Log4j2 Java Security Exploit Slams Intel, NVIDIA And Microsoft But Spares AMD
The Log4shell exploit in the widely-used Apache Log4j package has had just about every single sysadmin in the world working nights and weekends to desperately get their internet-facing servers updated. The problem isn't simply patching and updating Log4j itself—that was done before the problem even hit the mainstream. The problem is that Log4j is included as a component in thousands of applications, and to close the hole, those applications all have to be patched, too.
The list of vulnerable programs doesn't stop at the boundary of "programs coded in Java," either. Thanks in part to Java's inherently-platform-agnostic nature, Log4j has been included in everything from client-facing applications like Minecraft to operating system-level packages from Microsoft. Unsurprisingly, Intel and NVIDIA also have their own vulnerable packages to watch out for.
Starting with MS, the company is quick to assure partners that it "has not identified any exploitation of [its] enterprise services" through the Log4shell exploit. However, there's a fair bundle of Microsoft services that have security updates to mitigate the vulnerability. Included in the list is Minecraft, of course, but beyond that are a number of Azure services as well as the company's SQL server software. You can check out the list on Microsoft's advisory page.
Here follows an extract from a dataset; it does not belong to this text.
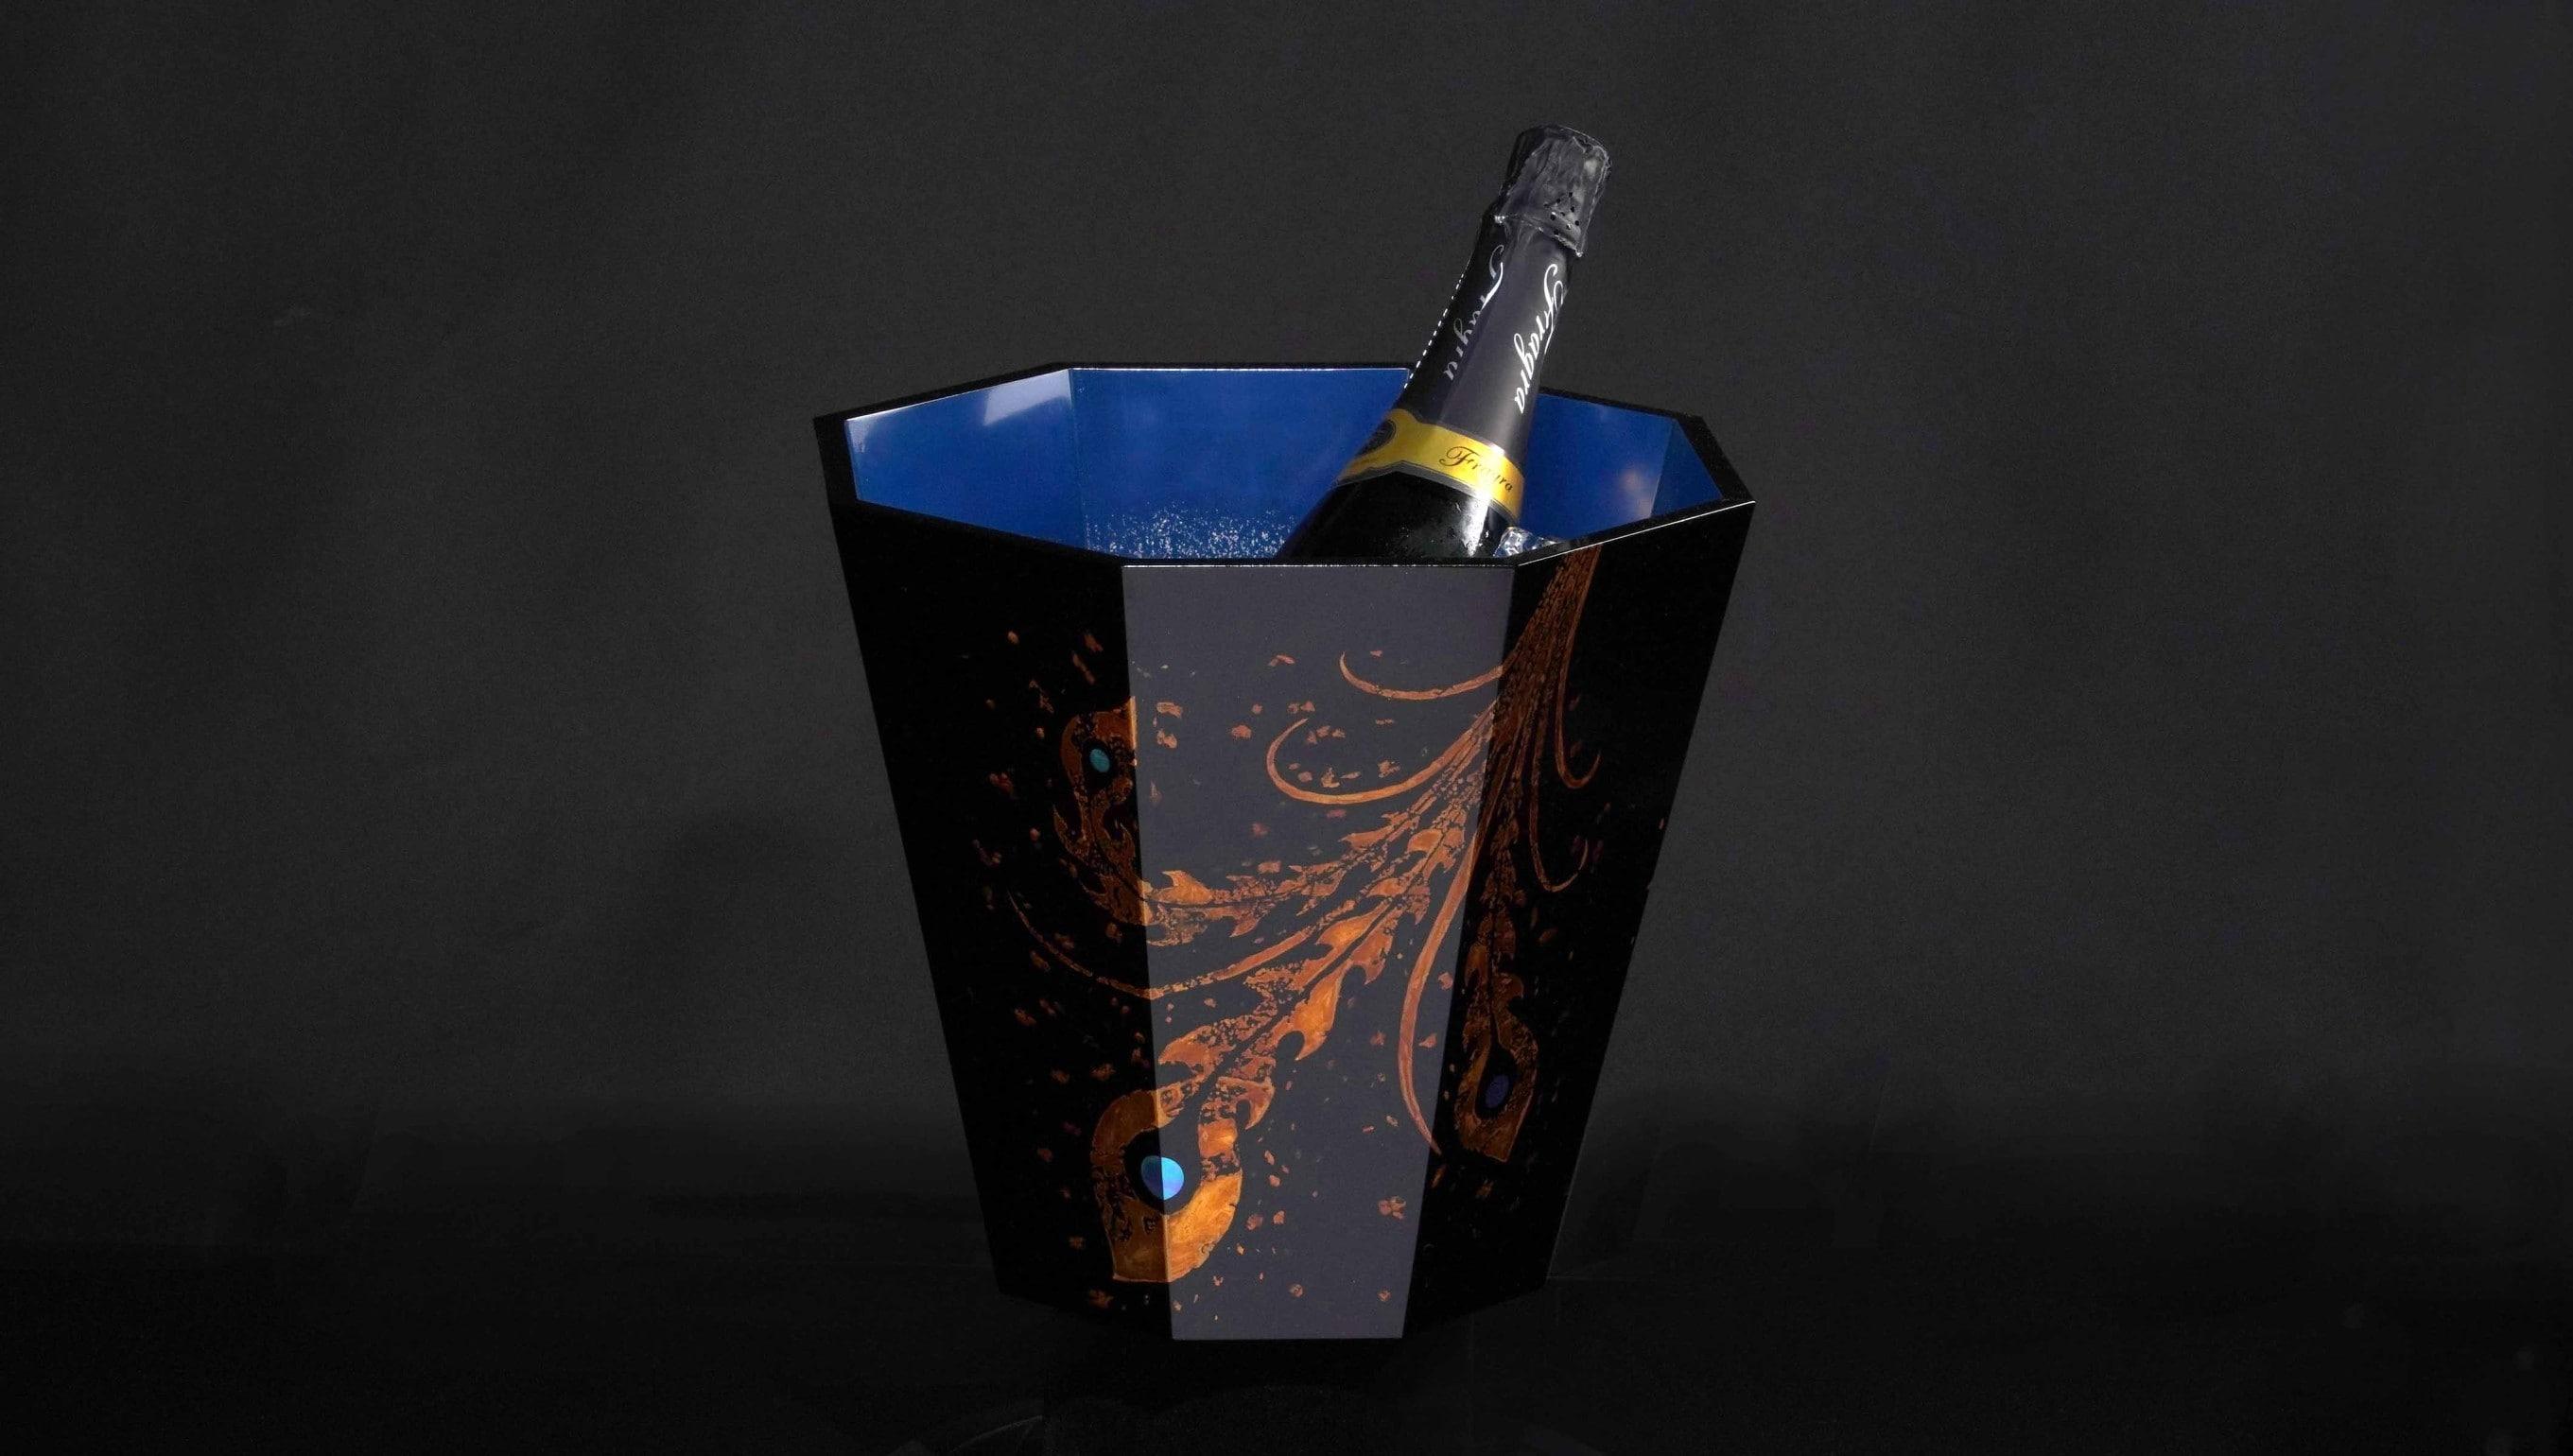 りゅうぎん琉球漆芸技術伝承支援事業|琉球漆器ワインクーラー鳳凰|

For Intel's part, there's another pack of products to check for patches, although unfortunately, Chipzilla seems to have been a little slow on the draw getting updates out for most of its product matrix. Intel's QAT codec software, its system debugger package, the Intel Audio Development Kit, and several other software components are all in "Patch pending" status. Also, significant portions of the Intel oneAPI toolkits are apparently vulnerable, too. Intel says it recommends updating its products to the latest mitigated version, whenever that appears.
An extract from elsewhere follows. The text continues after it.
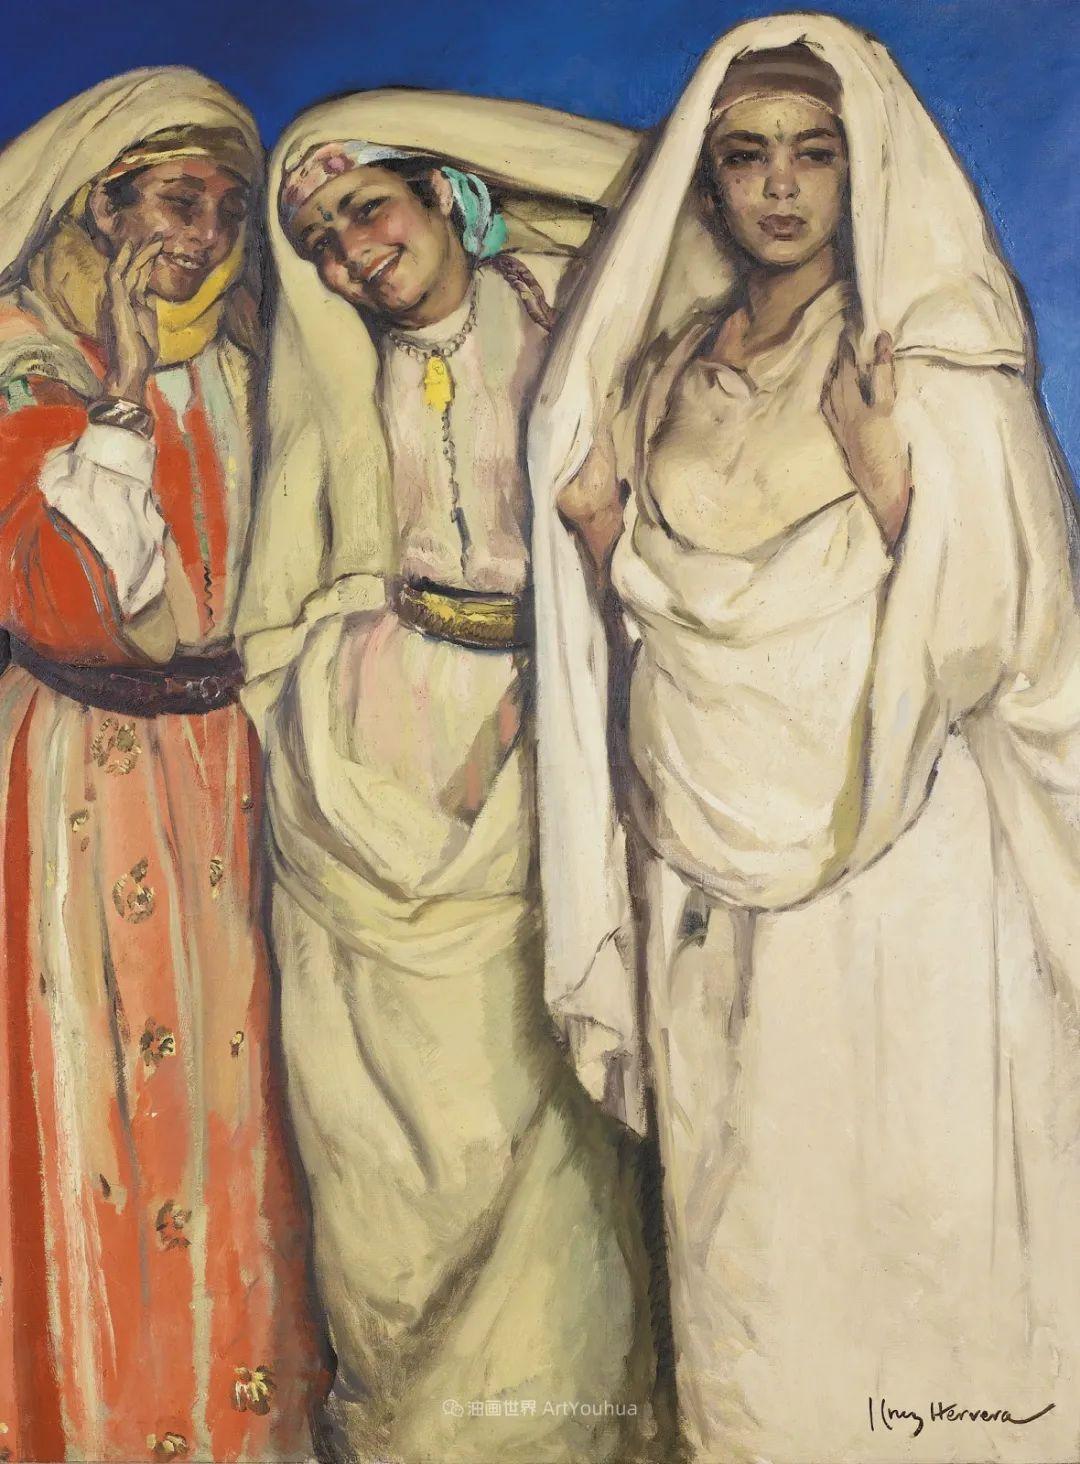 西班牙画家何塞·克鲁斯·埃雷拉人物作品欣赏插图37

Over at NVIDIA, there seems to be a bit less cause for concern. In its advisory, Team Green immediately notes that its client-facing software—including the GeForce Experience app, its GeForce NOW client, the Jetson products, and the SHIELD TV—are all unaffected by the exploit. It does have some vulnerable packages elsewhere, though.
The CUDA Toolkit includes Log4j in both the Visual Profiler and Nsight Eclipse Edition, although apparently it is not used at all in the Visual Profiler and can simply be removed. Similarly, DGX OS doesn't include Log4j by default, but NVIDIA advises to check for it anyway, as it may have been included with third-party software. NVIDIA's NetQ and its VGPU software license server will both be affected and will require upgrading.
But what about team red? The house of Ryzen and Radeon put out a brief advisory about the Log4shell exploit, but amazingly, it simply says AMD hasn't identified any affected products. Hopefully that's because the company wasn't using Log4j, and not because it simply hasn't found any vulnerabilities.